Text of statute as originally enacted

= Superannuation Act 1834 =

Act of the Parliament of the United Kingdom

The Superannuation Act 1834 (4 & 5 Will. 4. c. 24) was an act of the Parliament of the United Kingdom updating 1817 and 1834 acts regarding pensions for high-ranking civil servants.

It reduced:
- those for First Lord of the Treasury, president of the India Board or Committee for Trade and Plantations, Chancellor of the Exchequer or any principal Secretary of State to a maximum of £2,000 a year, with a minimum of two years' total service (section 1).
- those for Chief Secretary for Ireland and Secretary at War to £400 a year, with a minimum of five years' total service (section 2)
- those for a Joint Secretary of the Treasury, a First Secretary of the Admiralty or vice-president of the Committee for Trade and Plantations to £1,200 a year, with a minimum of five years' total service (section 3)
- those for an Under-Secretary of State, a Clerk of the Ordnance, Second Secretary of the Admiralty, or Secretary of the India Board to £1,000, with a minimum of ten years' total service

It also forbade combining any of the four above pensions (sections 1–4) unless he had served 3–5 years in the highest of two or more of those offices and 10 years in total, in which case he would be allowed £1,000 a year (section 5). It also required the applicant for any pension covered by the act to apply to the Treasury for it with proof that his income was so low that he needed the pension (section 6).
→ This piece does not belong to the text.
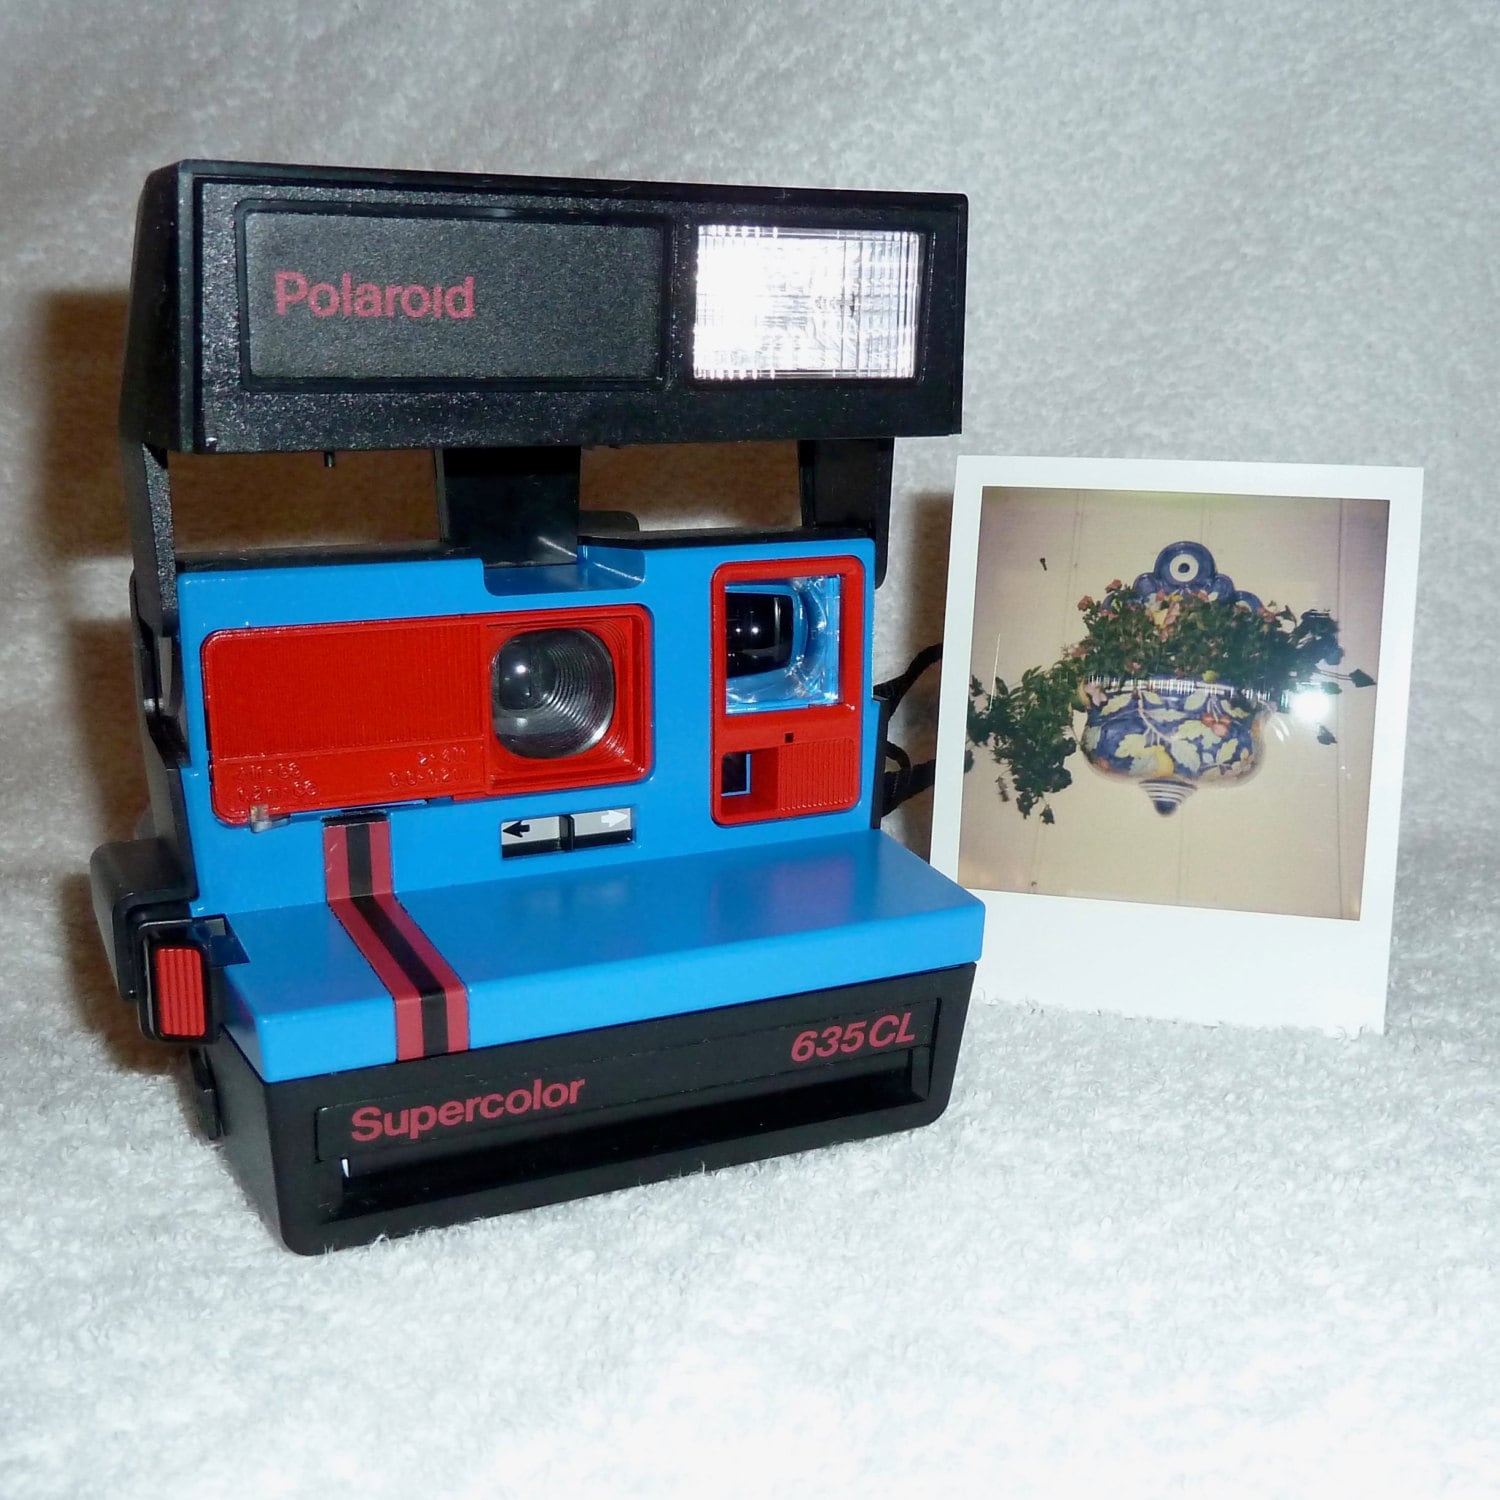 Polaroid Supercolor 635CL Red Stripe with Close Up Lens - Works

The remainder of the act set out pensions for clerks and "officers" in the civil service.

== Subsequent developments ==
Section 9 of the act was repealed by section 1(1) of, and the first schedule to, the Statute Law Revision Act 1950 (14 Geo. 6. c. 6), which came into force on 23 May 1950.

The whole act was repealed by section 104(2) of, and schedule 11 to, the Superannuation Act 1965, which came into force on 8 December 1965.